I would have griped about the apparent total lack of concern for me, the person they were all purportedly protecting, but the reason for their abandonment—and likely their sudden desire to sleep, stood waiting in the middle of the road, arms folded, black hair loose in a shining cape around him, dark blue eyes steady on me.
I reined up and Rogue took Felicity’s bridle, holding up a hand to assist me down.
“Fancy meeting you here.” I raised an eyebrow at him, declining to dismount for the moment.
“I’m not in the mood for games,” he replied, cool and remote. “You and I need to talk.”
“I thought you once said talk is the death of romance?”
He studied me and I quickly quieted my thoughts. Too late, it seemed.
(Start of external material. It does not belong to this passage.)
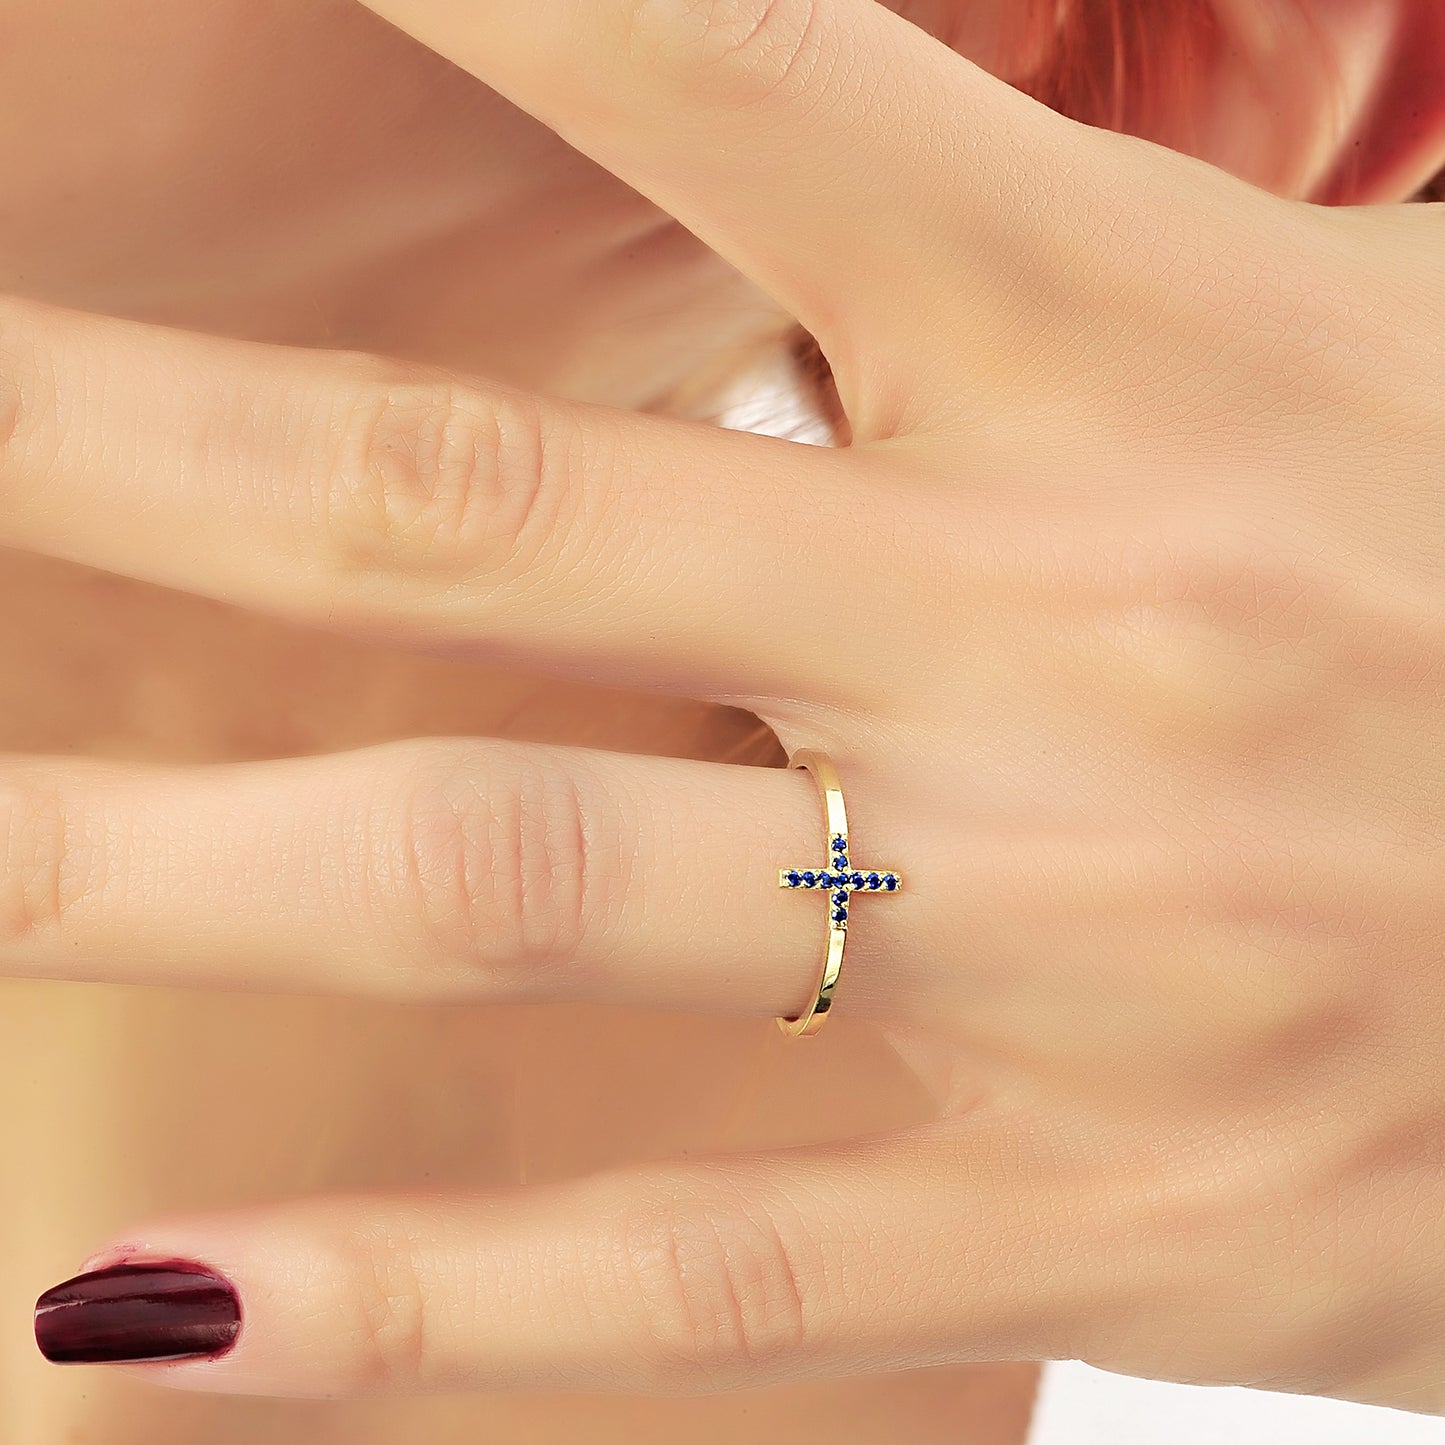 Kruis Blauwe Saffier Plus Vormige Ring Voor Verloving en Huwelijksaanzoek, Minimalistische Handgemaakte Cluster 14k 18k Massief Gouden Ring

“In this case, what you are already thinking can cause us a far deadlier wound. Get down, Gwynn.”
Ignoring his hand, I did, taking a moment to straighten my skirts and brush them off—and plan my strategy. Darling leaped from his saddle pad to my shoulder, sinking in his claws and making me huff out a breath at his sudden weight. His teeth fastened on one of the dangling earrings, reminding me. Rogue narrowed his eyes at the cat in glittering threat.
“You want to talk?” I gave Rogue my sweetest smile. “I want these earrings off.”
I’d surprised him with that. How interesting.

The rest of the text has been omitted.